LLM Study Diary #1: Transformer
Source: Dev.to
About Me
I have been working as a software engineer for almost 8 years, mostly backend and infra, including distributed systems, near‑line processing, batch processing, etc. I have some basic knowledge of ML from school but no complicated ML use‑case experience. This series will note what I learn about LLMs as a general software engineer. Feel free to comment if anything seems wrong and leave your questions.
Transformer
A good source to understand each component in the transformer is the Hugging Face blog post Mastering Tensor Dimensions in Transformers.
- Decoder‑only models (GPT family, LLaMA, Claude) are used for generation.
- Encoder‑decoder models (BART, the original “Attention Is All You Need” transformer) handle translation and summarization.
- Encoder‑only models (BERT) are used for classification and embeddings.
Here we focus on decoder‑only LLMs. To summarize the architecture, the transformer block has two main components: Masked Multi‑Head Attention (MMHA) and Feed‑Forward Network (FFN).

Masked Multi‑Head Attention (MMHA)
The attention formula contains query (Q), key (K) and value (V):
\text{Attention}(Q, K, V) = \text{softmax}\!\left(\frac{QK^{\top}}{\sqrt{d_k}}\right) V
- (Q) (Query) – what the current token is looking for.
- (K) (Key) – what each token offers / represents.
- (V) (Value) – the actual content to retrieve.
In the attention weight calculation, the softmax produces weights between (Q) and (K); the weighted sum of the values (V) is then returned.

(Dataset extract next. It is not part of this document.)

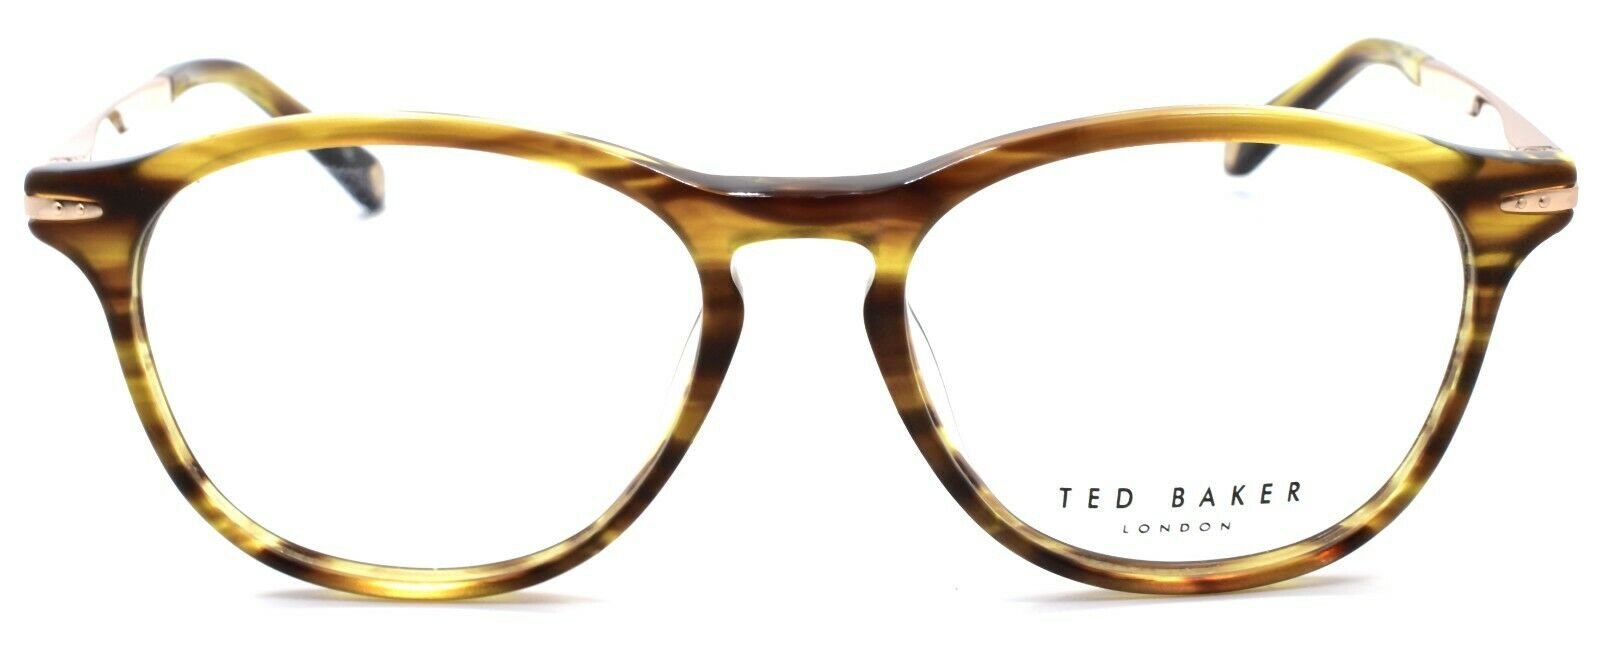 2-Ted Baker Finch 8160 105 Men's Eyeglasses Frames 50-16-140 Amber Horn-4894327181117-IKSpecs

Training intuition: every token asks a question (produces a (Q)) about every other token (uses their (K/V)), with a causal mask applied.
Inference intuition: only the newest token produces a (Q); it attends to the stored (K/V) from previous tokens.
Q/K/V in Training vs Inference
-
Training: the full sequence is available, so all token positions are processed in parallel. For each transformer layer, (Q), (K) and (V) are computed from the same hidden‑state sequence, and a causal mask prevents attention to future tokens.
-
Inference consists of two phases:
-
Prefill phase – the whole prompt is processed. (Q), (K) and (V) are computed for the prompt tokens; the model caches only the (K/V) pairs for future use. The (Q) vectors are discarded after the forward pass.
-
Decode / generation phase – for each newly generated token, the model computes a fresh (Q) (and its own (K/V)). The new (Q) attends to the cached (K/V) from the prompt and previously generated tokens. The new token’s (K/V) are then appended to the cache.
-
KV Caching in Inference
The same author explains KV caching in KV Caching Explained: Optimizing Transformer Inference Efficiency.
Without caching, (K) and (V) for every past token would have to be recomputed at each generation step—a waste, because they never change. KV caching stores these matrices so that each new step only computes (Q) (and the current token’s (K/V)) and reuses the cached values, dramatically speeding up inference.
The two inference phases—prefill (parallel processing of the prompt) and decode (autoregressive generation, one token at a time)—drive latency characteristics, batching strategies, and how the KV cache is populated.
Feed‑Forward Network (FFN)
The FFN performs an expand → nonlinearity → contract transformation:
\text{FFN}(x) = \sigma\!\bigl(xW_{1} + b_{1}\bigr)W_{2} + b_{2}
- (W_{1}) – expansion weights (typically 4× the hidden size).
- (W_{2}) – contraction weights (back to the hidden size).
Conceptually:
- Expand – generate many candidate features.
- Activate – apply a non‑linear function (\sigma) (e.g., GELU) to select useful features.
- Contract – compress back into the residual stream.
Target expansion dimension is a hyper‑parameter; the common rule of thumb is a factor of 4, as used in GPT‑3.
Weights vs Hyper‑parameters
The transformer learns (tunes) the following weight matrices:
- Attention projections per head: (W_{Q}), (W_{K}), (W_{V})
- Attention output projection: (W_{O})
- Token + positional embeddings (positional embeddings are learned in models like GPT‑2; rotary embeddings have no learned parameters)
- LayerNorm scale and bias ((\gamma, \beta))
- Final output / unembedding matrix (often tied to the input embedding)
Hyper‑parameters are not learned by gradient descent; they define the network’s shape, e.g., learning rate, batch size, embedding dimension, FFN expansion factor, number of layers, number of attention heads, etc.
Loss Function
The standard next‑token language‑model loss is
L = -\frac{1}{T}\sum_{t=1}^{T}\log P\bigl(x_{t+1}\mid x_{\le t}\bigr)
Back‑propagation pushes gradients from this loss through every layer, updating all learned weights jointly to reduce the error.
Visualization
To see each step with a concrete example, try the interactive tool Transformer‑Explainer.